Purolator actually has a good reputation here in St.John's, as does FedEx. As well, would you believe, even Canada Post is fairly efficient, especially with the small Future Shop items I have had shipped from either their Vancouver or Mississauga warehouses.


----------



## Britnell (Jan 4, 2002)

Buy local. Support your local economy.

That way you get to take it home right away!


----------



## Jordan (Jul 20, 2002)

I had a VST DVD drive shipped from Florida VIA FedEx, paid for the 2 day delivery, week and a half later and $45 extra I fineally received it.
I watched it as it went accross the US in 1.5 days, hit the customs, dead stop! Took them 3 days to process and get my $45, then of course the weekend came around and a holiday.........well, at least I got it.


----------



## The Great Waka (Nov 26, 2002)

Well its not Thursday, 6:11pm. Still nothing. UPS tracking says its "In Transit" location: Canada. Real useful people. Anyway, last time I'm doing this. Yeah, only gonna buy Canadian from now on. I though I got a good deal on this, but after all the customs and brokerages fees I may have been better off buying a new one. Arg. Oh well.

Still hoping it'll come tonight/tomorrow. Anyone know how late they deliver to? Whatever "end of day" means.


----------



## MACSPECTRUM (Oct 31, 2002)

Dr. G.,
FYI, Purolator is a subset of Canada Post.

Why do you think that the Purolator delivery personnel have that same "cheery" demeanour as do Canada Post employees?


----------



## MACSPECTRUM (Oct 31, 2002)

re; UPS end of day
depending on your area - business vs. residential and urban vs. suburban or "the sticks", it is usually 5 or 6 p.m.


----------



## MaxPower (Jan 30, 2003)

I'm currently waiting for a package from Purolator and I just called to track it c/w a tracking number.

The attendant on the other end told me that they can't track it because it is coming out of the States. I asked why not, this number is a Purolator number?

So to quote the Great Waka;

AAAAAAHHHHHHHHHHHHHHHHHHHHHH!!!!!!!!!!!!!!!!!!!!!!!!!!!!!!!!!!!!!!!!!!!!!!!!!!!!!!!!!!!!!!

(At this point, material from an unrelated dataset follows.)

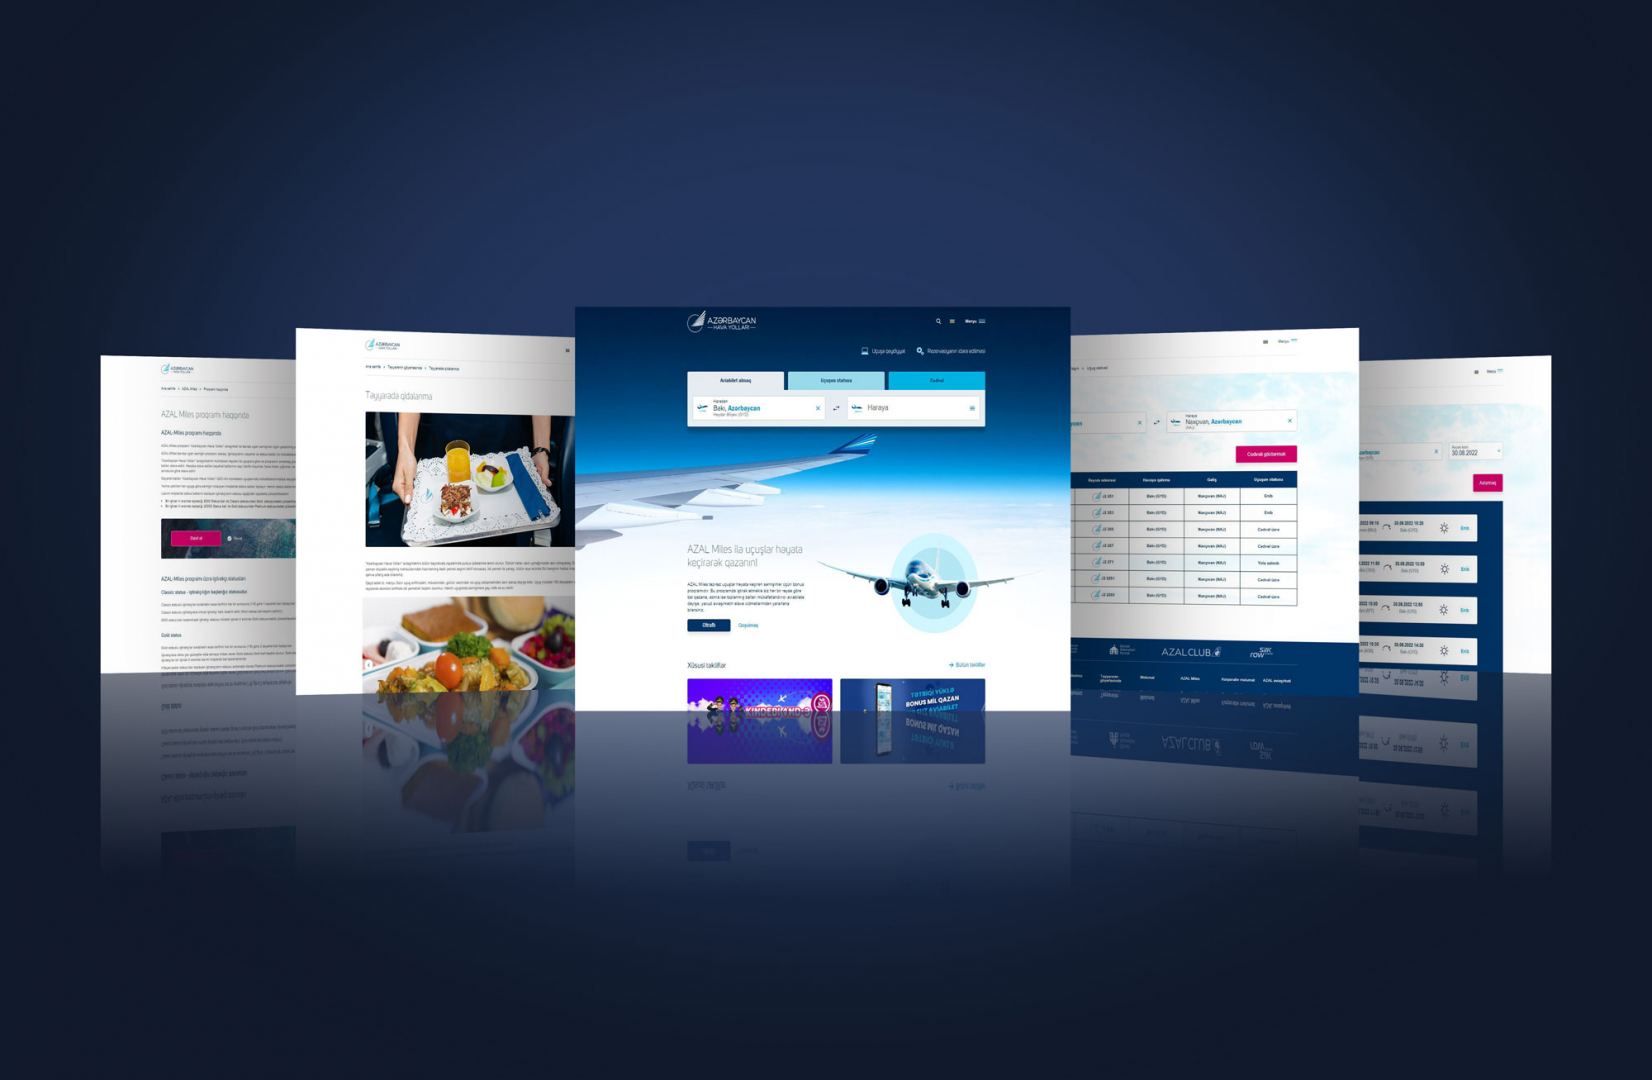 AZAL presented an updated version of its official website

Purolator really sucks. I'll use UPS any day. At least you have some kind of answer other than "I dunno."


----------



## RicktheChemist (Jul 18, 2001)

.


----------



## MACSPECTRUM (Oct 31, 2002)

Again, I repeat FedEx.
Costs a little more.
Then again, most 'quality' products do. Like say... mmmmmmmm Macintosh?


----------



## Dr.G. (Aug 4, 2001)

Macspectrum, I did not know that Purolator was a subset of Canada Post. Actually, I find that Canada Post is actually quite good. Maybe it's because I know my mailman (even had him inside my house to warm up with some tea......drove the doxies wild, but he didn't seem to mind and has always remembered this act of kindness).


----------



## gordguide (Jan 13, 2001)

" ... Macspectrum, I did not know that Purolator was a subset of Canada Post ..."

Canada Post bought them years ago. UPS is constantly suing them under whatever means they can think of, including NAFTA. They always lose, but it's never-ending.


----------



## Dr.G. (Aug 4, 2001)

gordguide, when I was in the US, UPS was called "Untimely Parcel Service", since they NEVER delivered anything on time. Their image was shot, and the FedEx image was drawing a greater market share.


----------